You are getting this wrong. I hoped to evade the explanation by providing
the reference, but now I'll give it a try. You can prove the right outcome
by induction, but I'll resort to "proof by example" for now.
Let's consider a small sample 

for index, item in enumerate(["a", "b", "c", "d"]):
    if random() < (1.0/(index+1)):
        chosen = item

random() yields a floating point number 0 <= n < 1.0

Now let's unroll the loop:

if random() <1.0/1 : chosen = "a" #index is 0, item is "a"
if random() <1.0/2 : chosen = "b" #index is 1, item is "b"
if random() <1.0/3 : chosen = "c" #index is 1, item is "c"
if random() <1.0/4 : chosen = "d" #index is 1, item is "d"

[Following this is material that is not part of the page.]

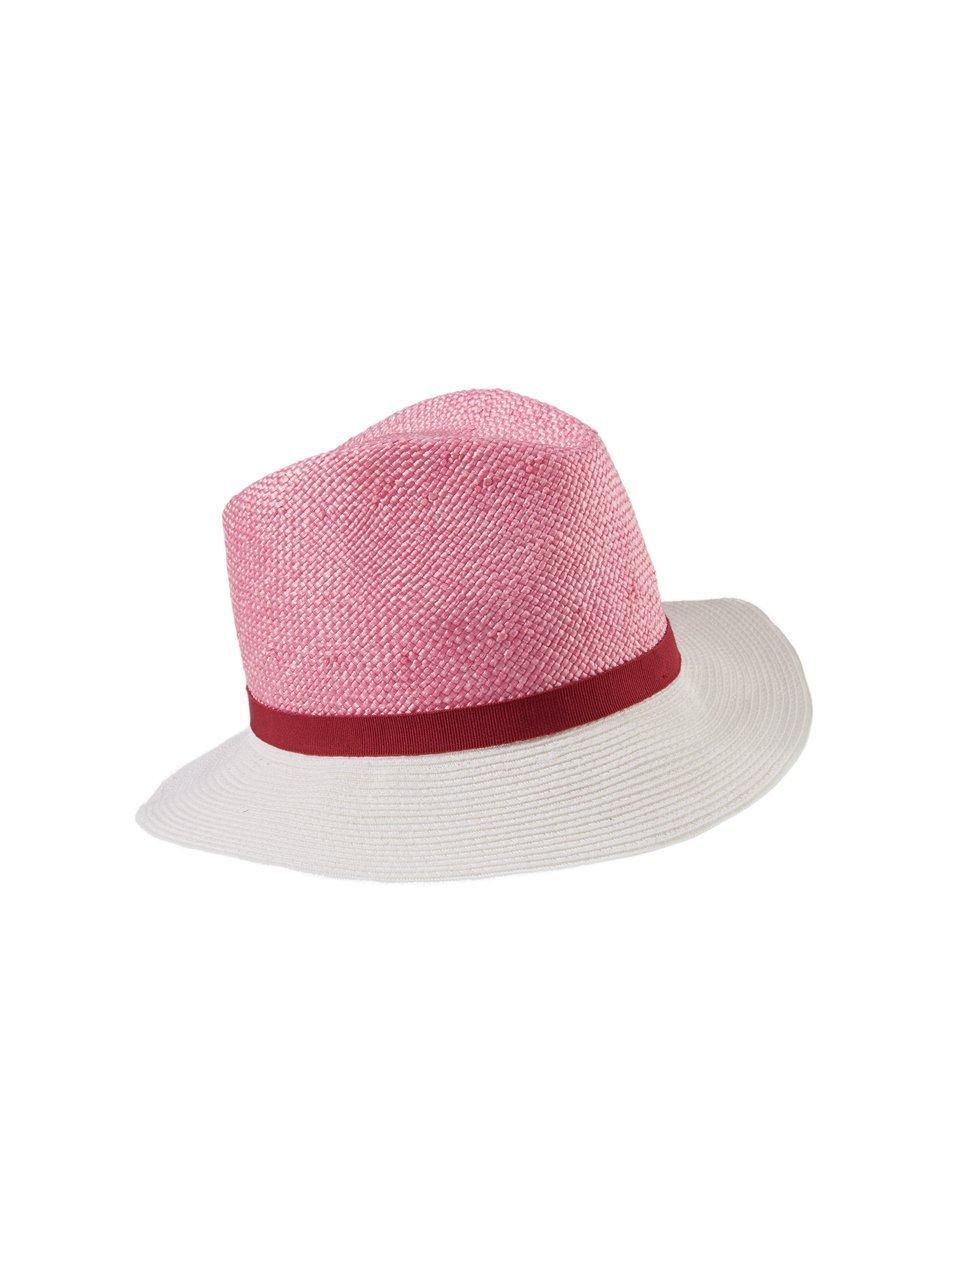 Hoed hoedenband Van Emilia Lay pink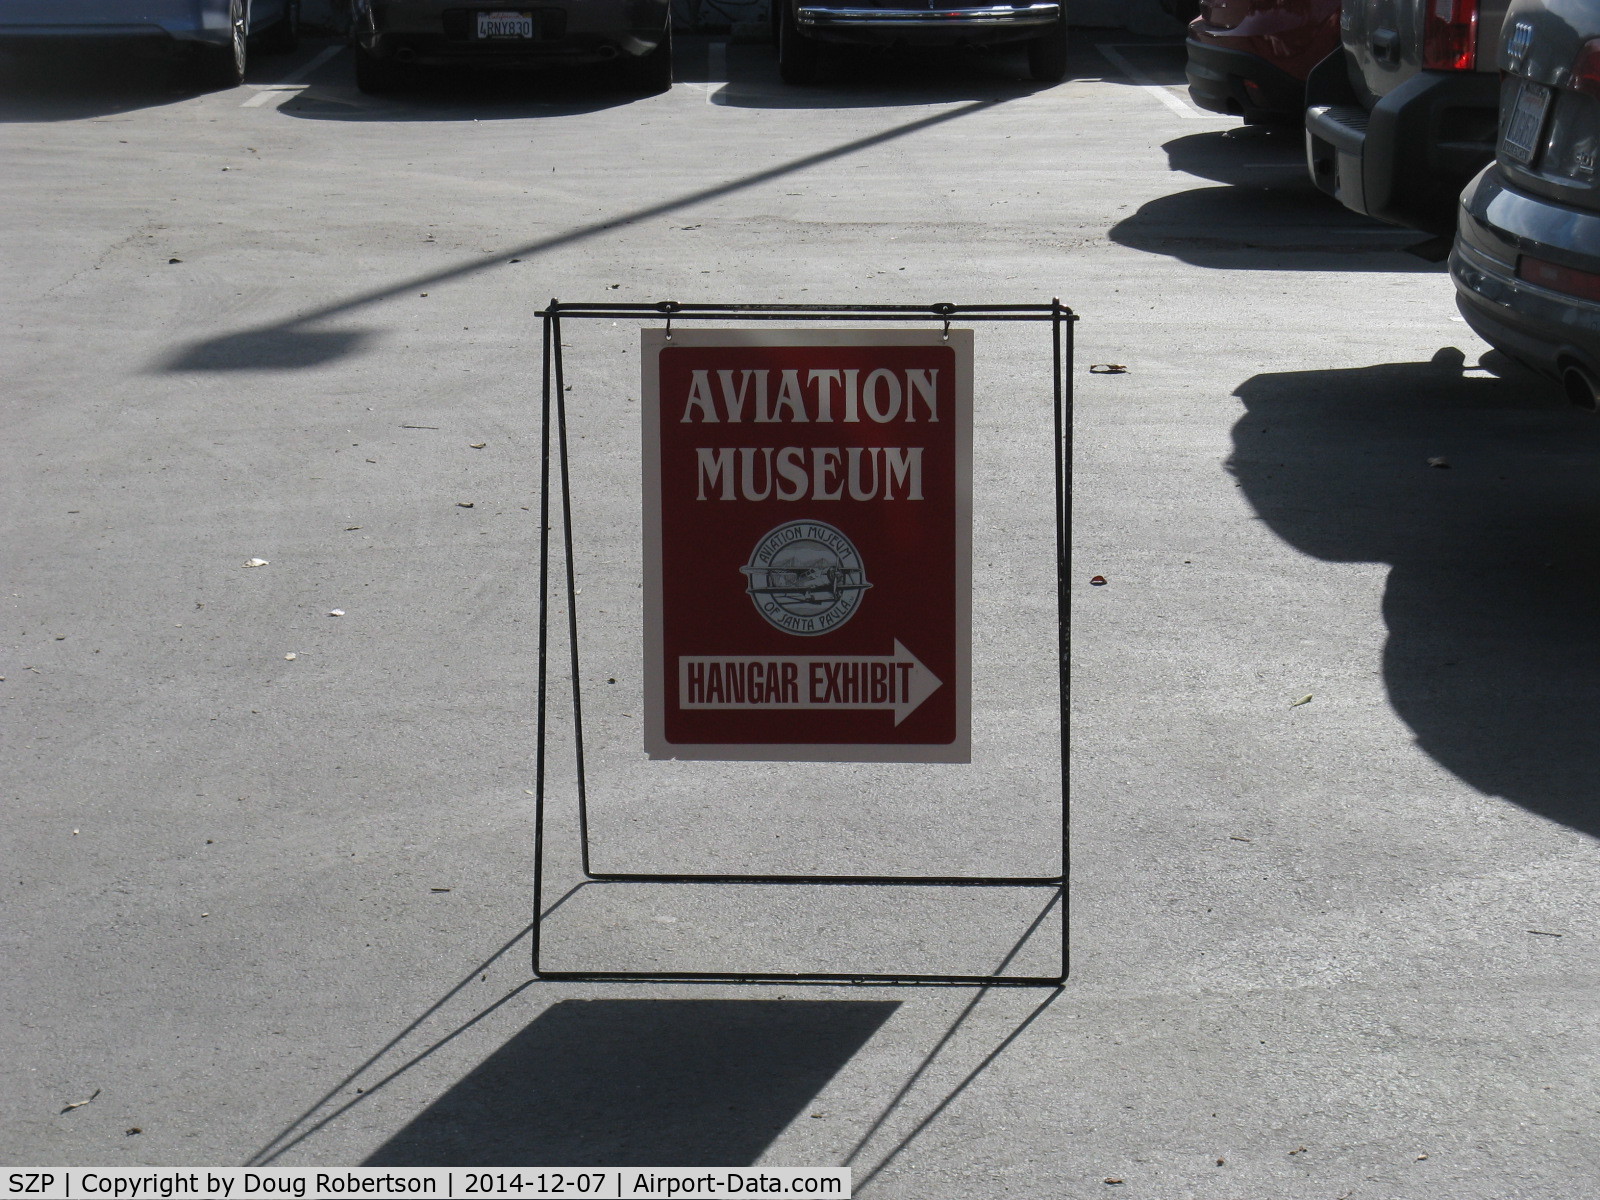 Santa Paula Airport (SZP) - Aviation Museum directional sign. Open First Sundays 10-3, rain cancels

The probability for the if branches to be executed is thus
decreasing: 1, 0.5, 0.33, 0.25.
Now look at it backwards: The chance that d is chosen is 0.25, the total
probability for a, b, or c is then 1-0.25 = 0.75. When we now look at the
first three lines only, we see immediately that the chance for c is one
third. 1/3 of 75 percent is again 0.25. The remaining probability for a and
b is then p(a or b) = 1 - p(c) - p(d) = 0.5. Now look at the first two
lines only to distribute the total probability of 0.5 over a and b. Do you
see the pattern?

> 
> (PO)> The point of my solution is to never have (a) the whole file in
> (PO)> memory and (b) to make a random choice from a set of
> (initially)
> (PO)> unknown size while you go through it.
> 
> This is a very interesting solution in light of point (b), but of
> course I will always know the size of the set as long as it comes
> from a file. 

Again, you have to build a list of positions, with size proportional to the
file, I only keep the last fortune item, essentially constant size.

> As for point (a), in the case that the last entry of a
> file is chosen, wouldn't the whole file then have been in memory at
> the same time, or do values returned by generators die right after
> their use? 

That is up to the garbage collection; I'm working with the assumption that
unreachable data, i. e. previously read lines are garbage-collected in a
timely manner.

> In addition, simply opening the file puts its entire
> contents into memory, does it not? (So this runs counter to what I
> said about I/O access times for opened files - please set me straight
> one way or the other; are file objects created with their contents
> loaded into memory, or do their contents remain in storage until
> needed?)

The operating system and Python may both perform some caching as they see
fit, but conceptually (and practically at least for large files - they can
still be larger than your RAM after all) they are *not* read into memory.